To do
The whole listing, apart from its images, should be restated word for word.
Start of Given data
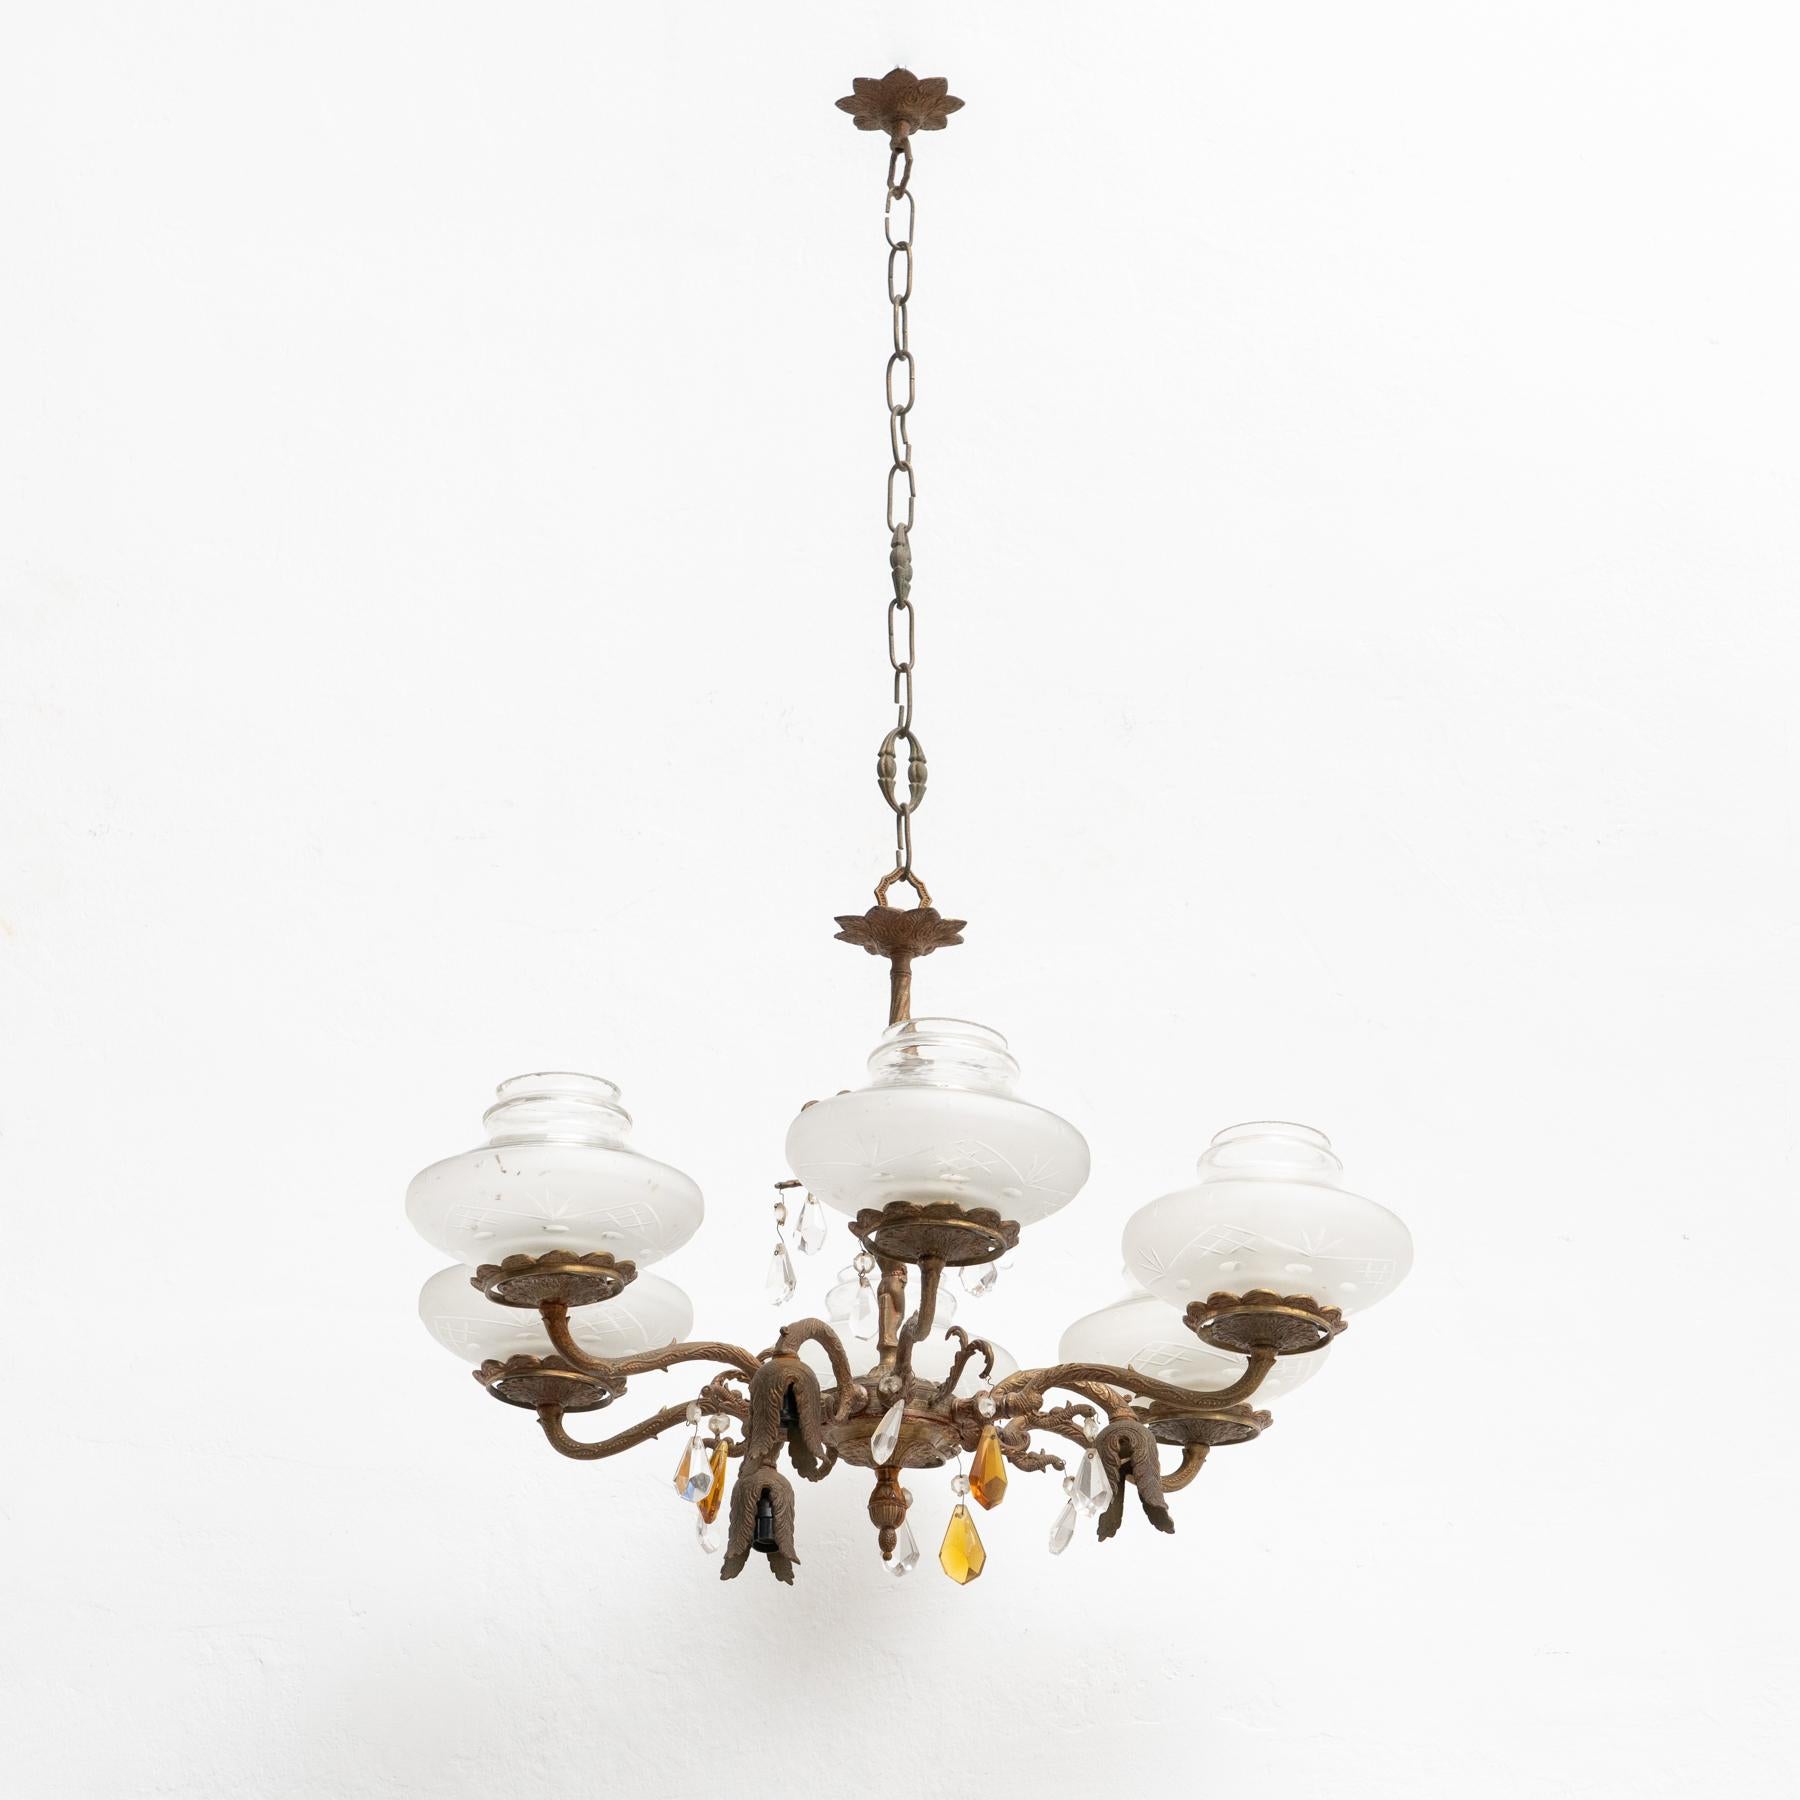 Antike Vintage-Spinnen-Deckenlampe. Hergestellt aus Bronze.

Hergestellt von einem unbekannten Hersteller in Frankreich, um 1940.

Originaler Zustand mit geringen alters- und gebrauchsbedingten Abnutzungserscheinungen, der eine schöne Patina
End of Given data
Reply
 Antike Vintage-Spinnen-Deckenlampe. Hergestellt aus Bronze.

Hergestellt von einem unbekannten Hersteller in Frankreich, um 1940.

Originaler Zustand mit geringen alters- und gebrauchsbedingten Abnutzungserscheinungen, der eine schöne Patina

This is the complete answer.